Nederlandse spreekwoorden

F.A. Stoett (1923-1925)

Gepubliceerd op 10-03-2020

Op de(n) pof, (- bof)

betekenis & definitie

In de uitdr. iets op den pof(- bof) koopen, iets op krediet koopen, niet dadelijk betalen (Harreb.

II, 191); in Vlaanderen ook op den pof drinken, op eens anders kosten drinken, en op den pof gaan, ergens gaarne blijven eten (vgl. ‘Klaploopen’ en Schuermans, 495 b); in soldatentaal: zonder verlof weggaan (ook in Zuid-Nederland; Waasch Idiot 528 b); Het Volk, 23 Maart 1913, p. 6 k. 1: Een groot aantal soldaten hier in garnizoen hadden zich Zondag ‘op de pof’ (d.w.z. zonder verlofpas) naar hun woonplaatsen begeven. Een synonieme uitdr. was op de klets (sedert 17de eeuw), waarnaast voorkwam kletsen, schulden maken (Ogier, Seven Hoofts. 32 en Halma, 268), dat nog in Zuid-Nederland bekend is (De Bo, 531 a; Teirl. II, 142); op de klis en klissen (Boekenoogen, 452; 453); nd. up 'n kHz (Eckart, 271); op den poef gaan, halen, poefen (Schuermans, Bijv. 248 a; De Bo, 876); op den plak (plek) halen, plakken (Schuermans, 485 b; Bijv. 244 b; Antw. Idiot. 972; De Bo, 865 b); en op de hak (Tuerlinckx, 237); klak, pof, schuld (Teirl. II, 136). Al deze woorden pof, bof, klets, klis (= klets), poef, plak, hak, klak beteekenen oorspr. een slag, een houw, zoodat we wellicht als eerste bet. mogen aannemen: op goed geluk af (vgl. ergens een slag naar slaan), op het (ge)raak of op Gods geraak, zooals hier en daar in Zuid-Nederland gezegd wordt, of op goed valle ‘t uit. men probeert maar eens het te krijgen.

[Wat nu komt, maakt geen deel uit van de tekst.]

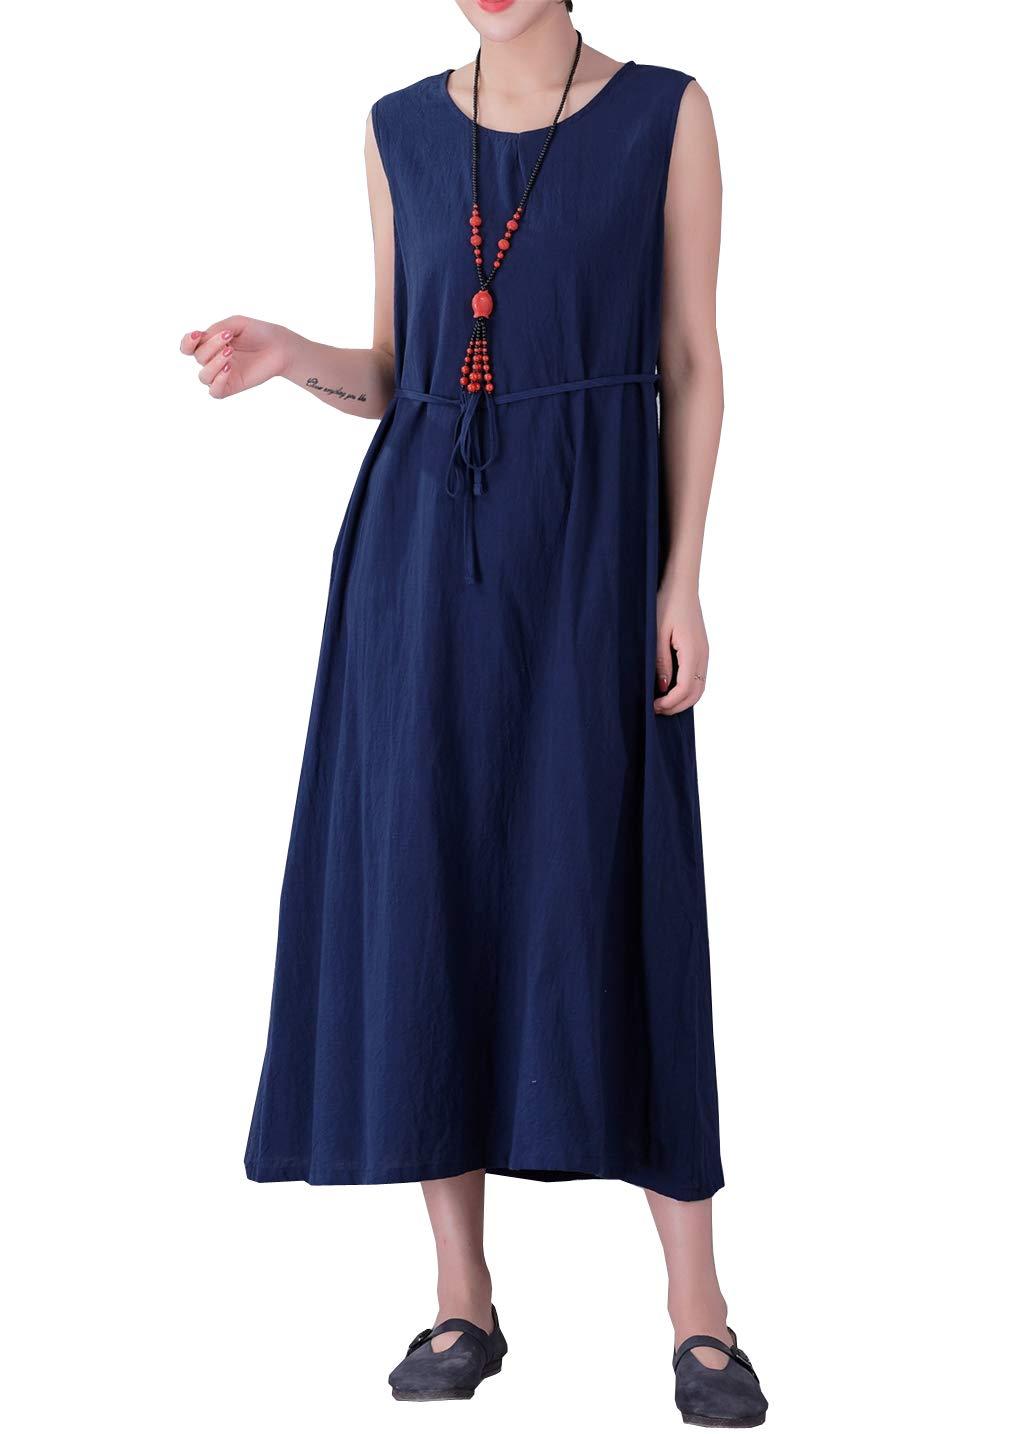 0e0f944a5944 YUHEYUHE Women's Casual Loose Summer Sundress Sleeveless Soft Long Maxi Cotton  Linen Dress Navy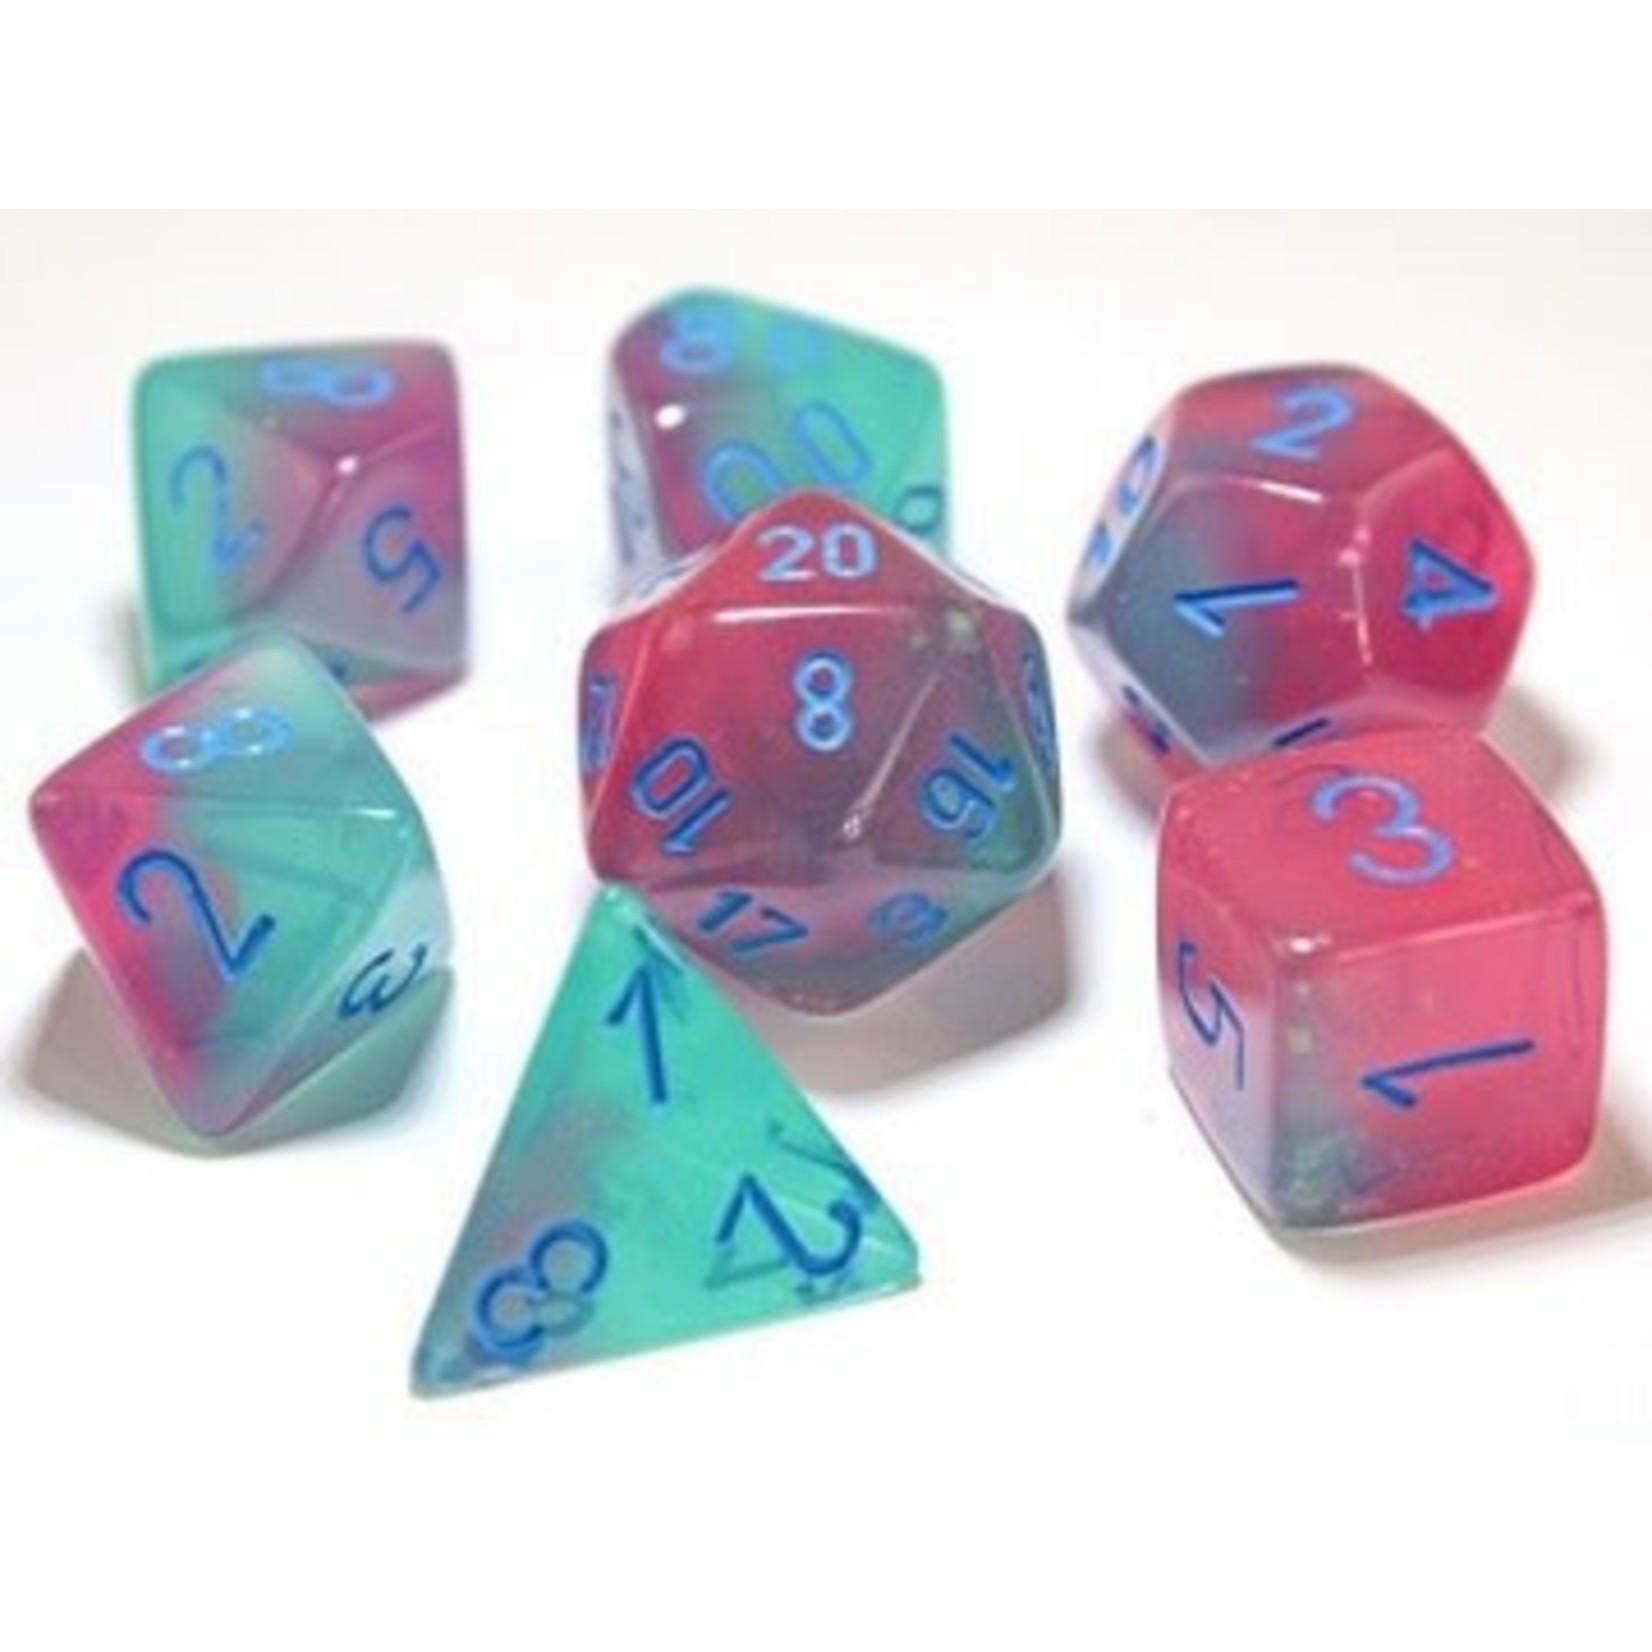 Chessex Gemini Polyhedral Gel Green-Pink/blue 7-Die Set

Ook in het Duitsch is bekend auf Puff en jem. puffen, iemand schuldig blijven, naast auf Pump en pumpen (borgen); in het fr. a pouf (zeldzaam); in het oostfri.: up de puf (oder pump) kopen, halen naast puffen, pumpen; bij ons dial. poffen, borgen, op crediet geven of nemen (o.a. Boekenoogen, 773; Gunnink, 188); fri. op 'epof, poffe. Zie Ndl. Wdb. III, 1773; ‘Op de(n) bof’; 1166; 1127.